* _Task data_
********************

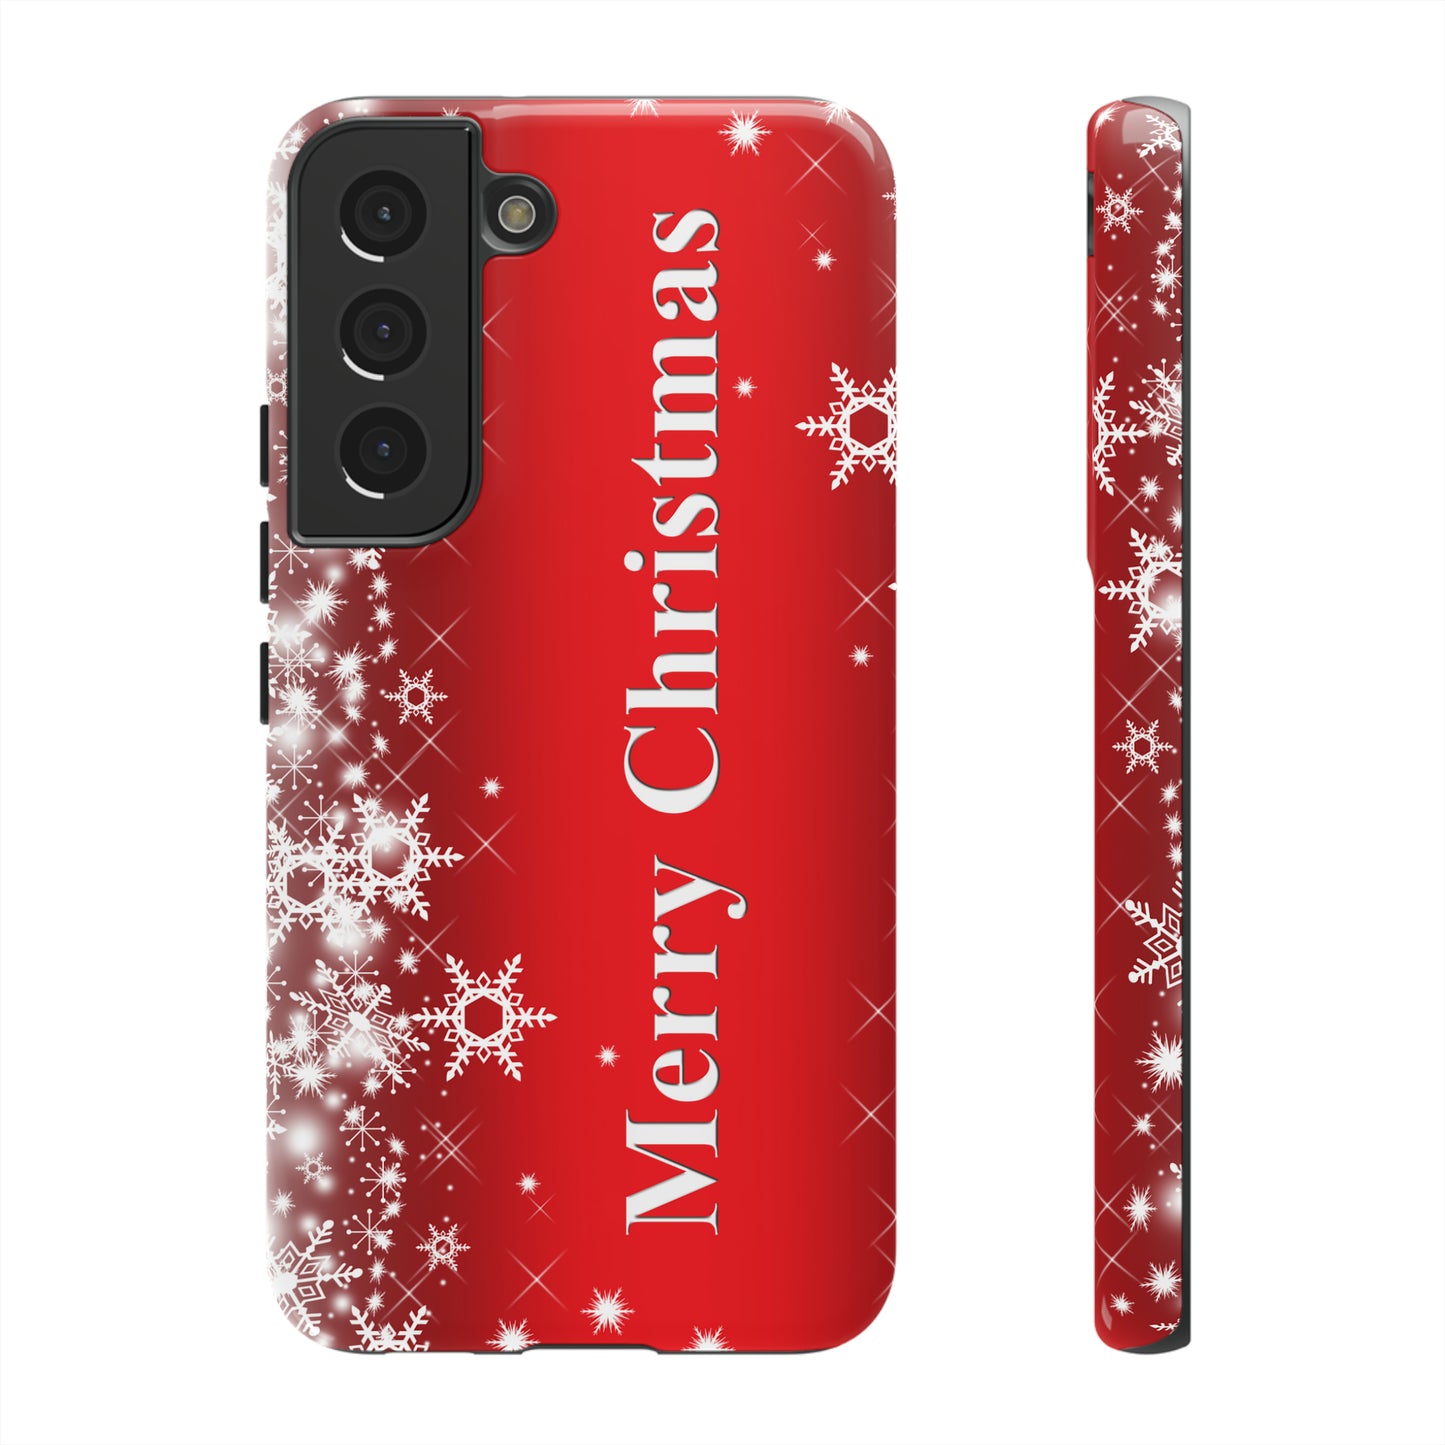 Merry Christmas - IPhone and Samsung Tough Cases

********************

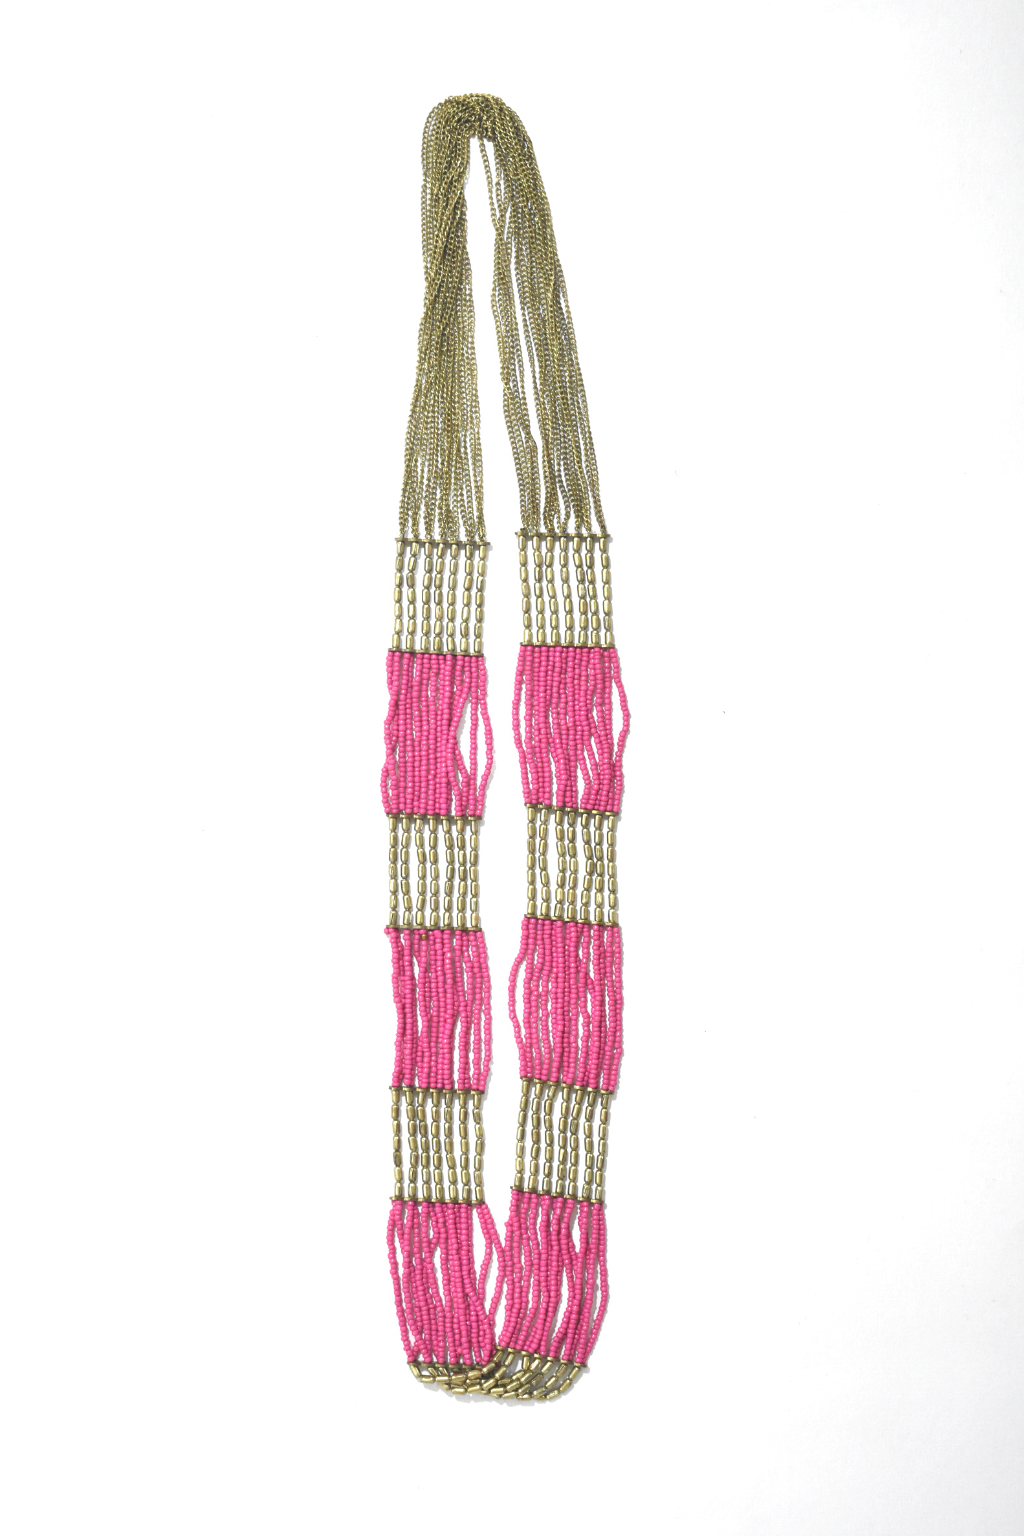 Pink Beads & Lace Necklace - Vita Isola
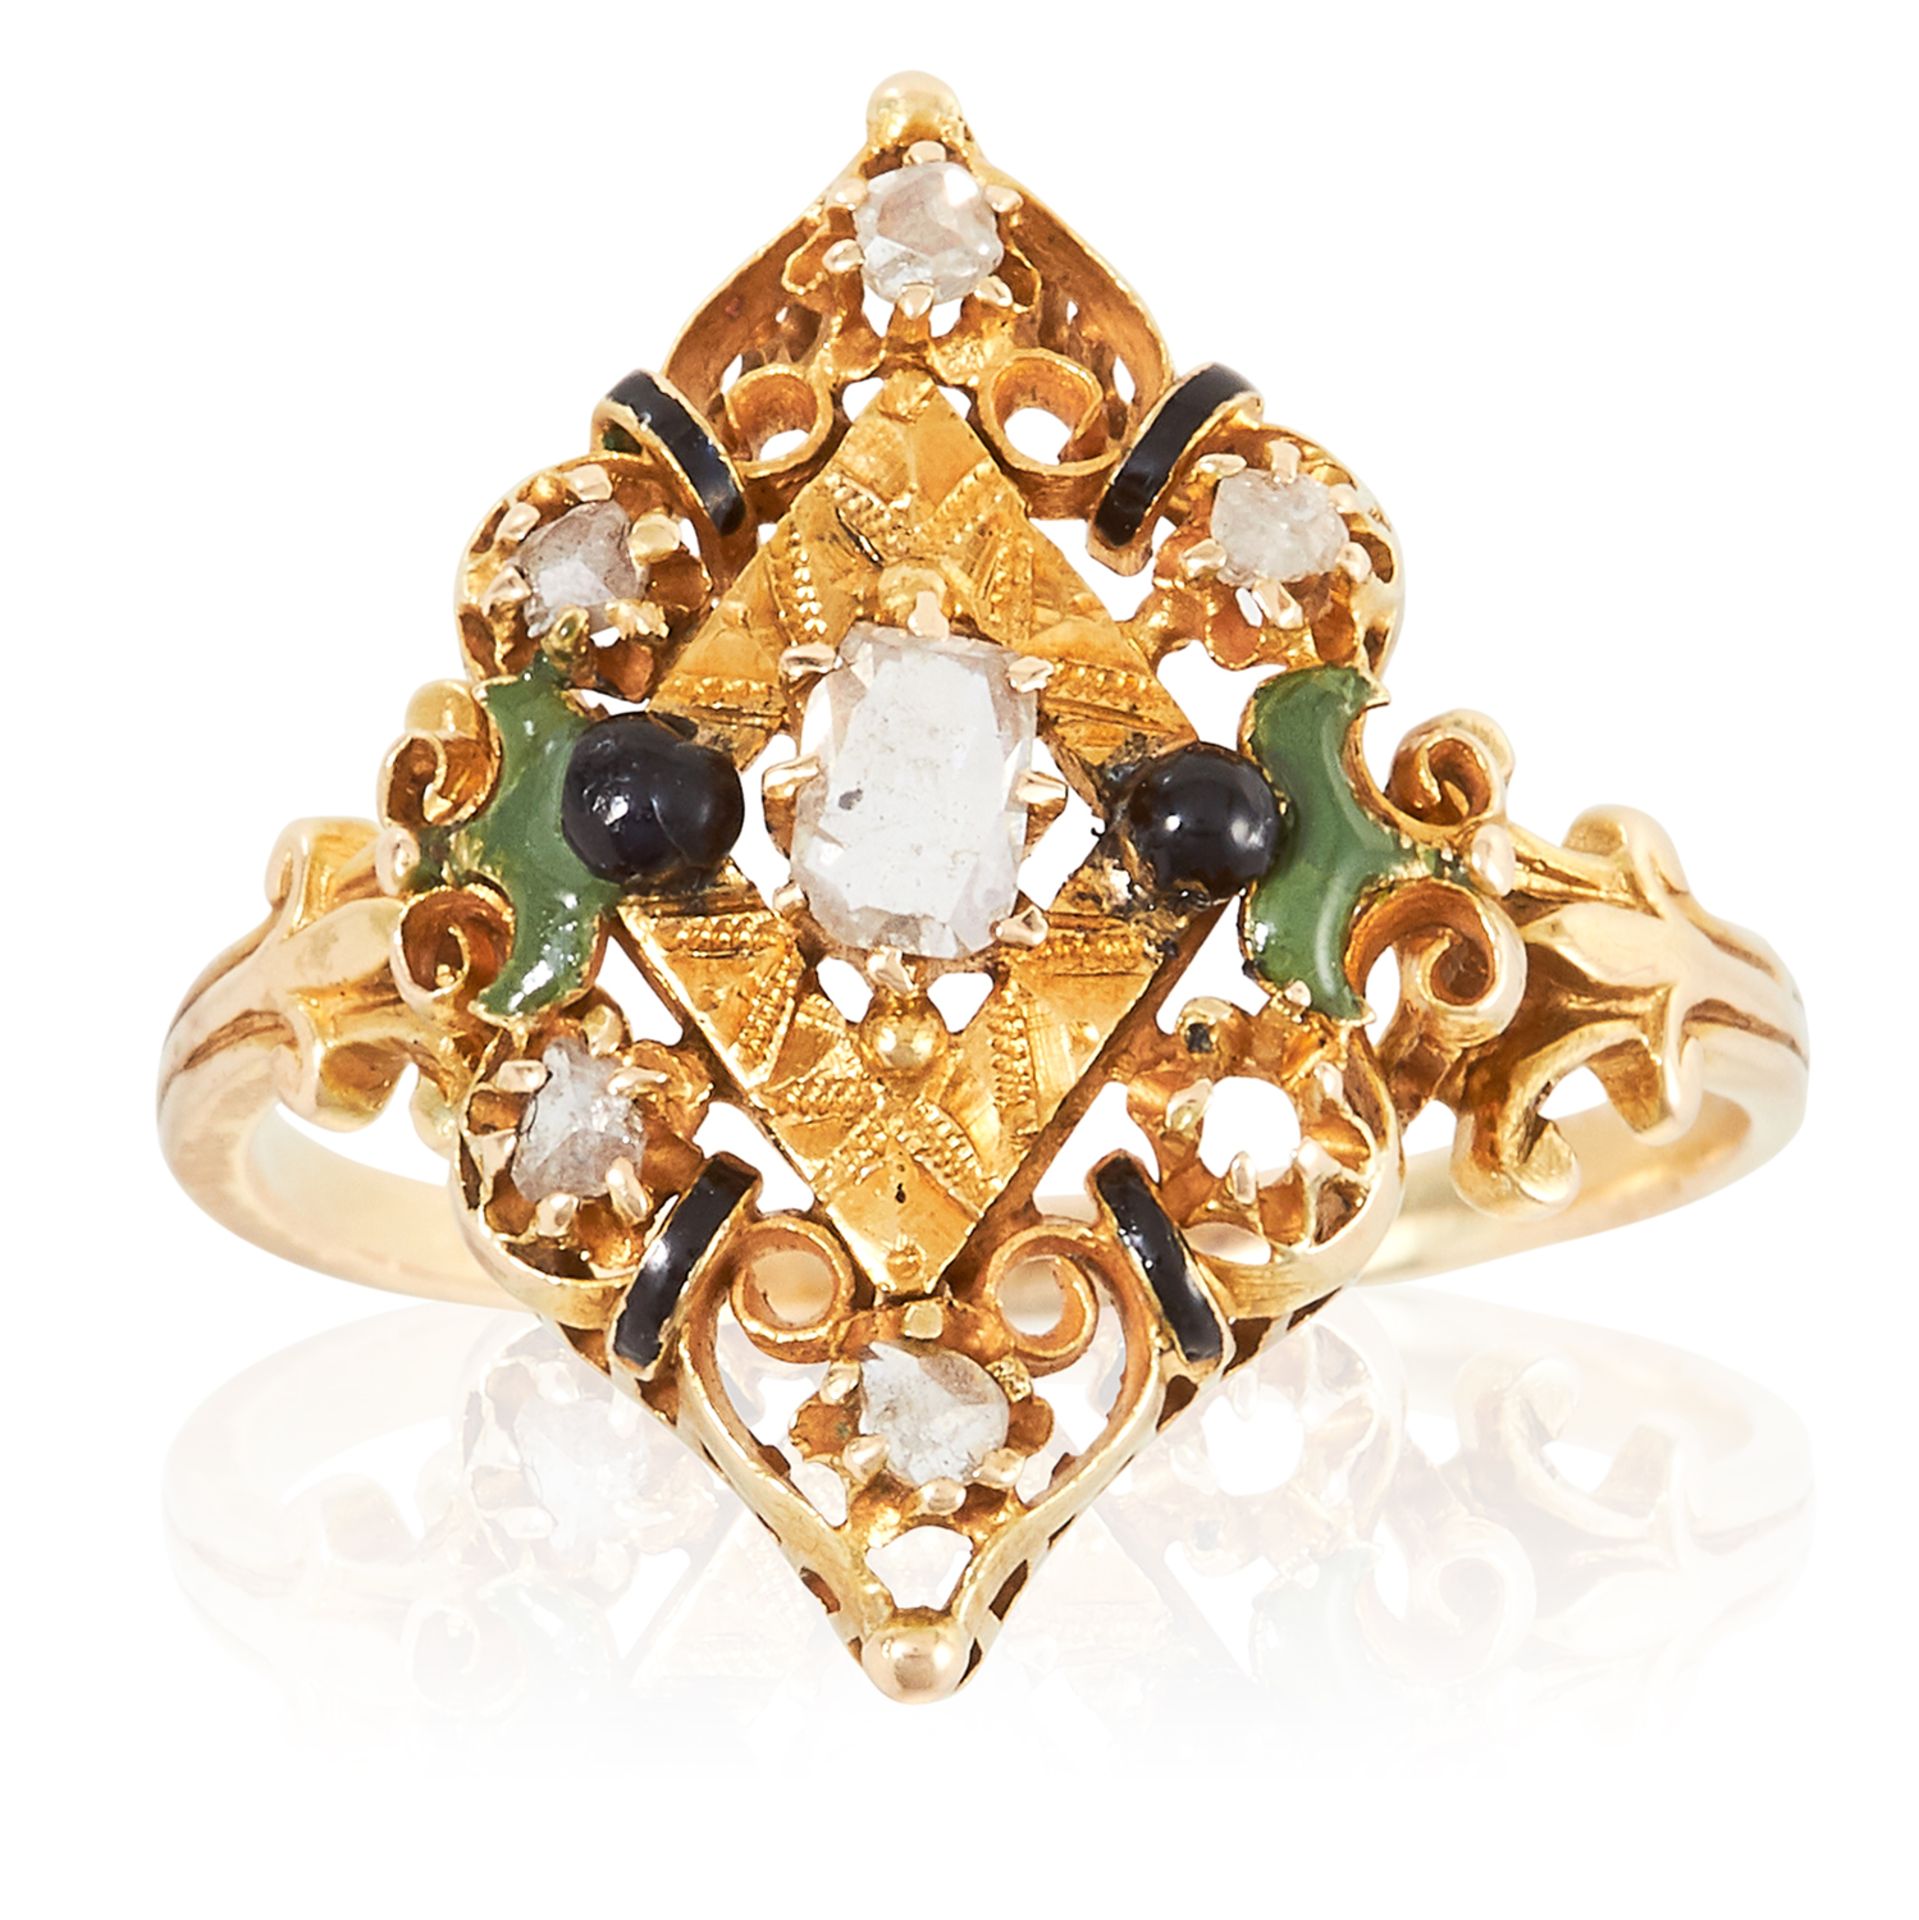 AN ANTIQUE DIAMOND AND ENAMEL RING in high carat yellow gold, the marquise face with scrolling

********************

* _Task details_
In the material above, the stretch from the line with "Pink Beads & Lace Necklace - Vita Isola" through the line with "AN ANTIQUE DIAMOND" is to be given again exactly, minus the pictures.

* _Exercise solution_
 Pink Beads & Lace Necklace - Vita Isola
 AN ANTIQUE DIAMOND AND ENAMEL RING in high carat yellow gold, the marquise face with scrolling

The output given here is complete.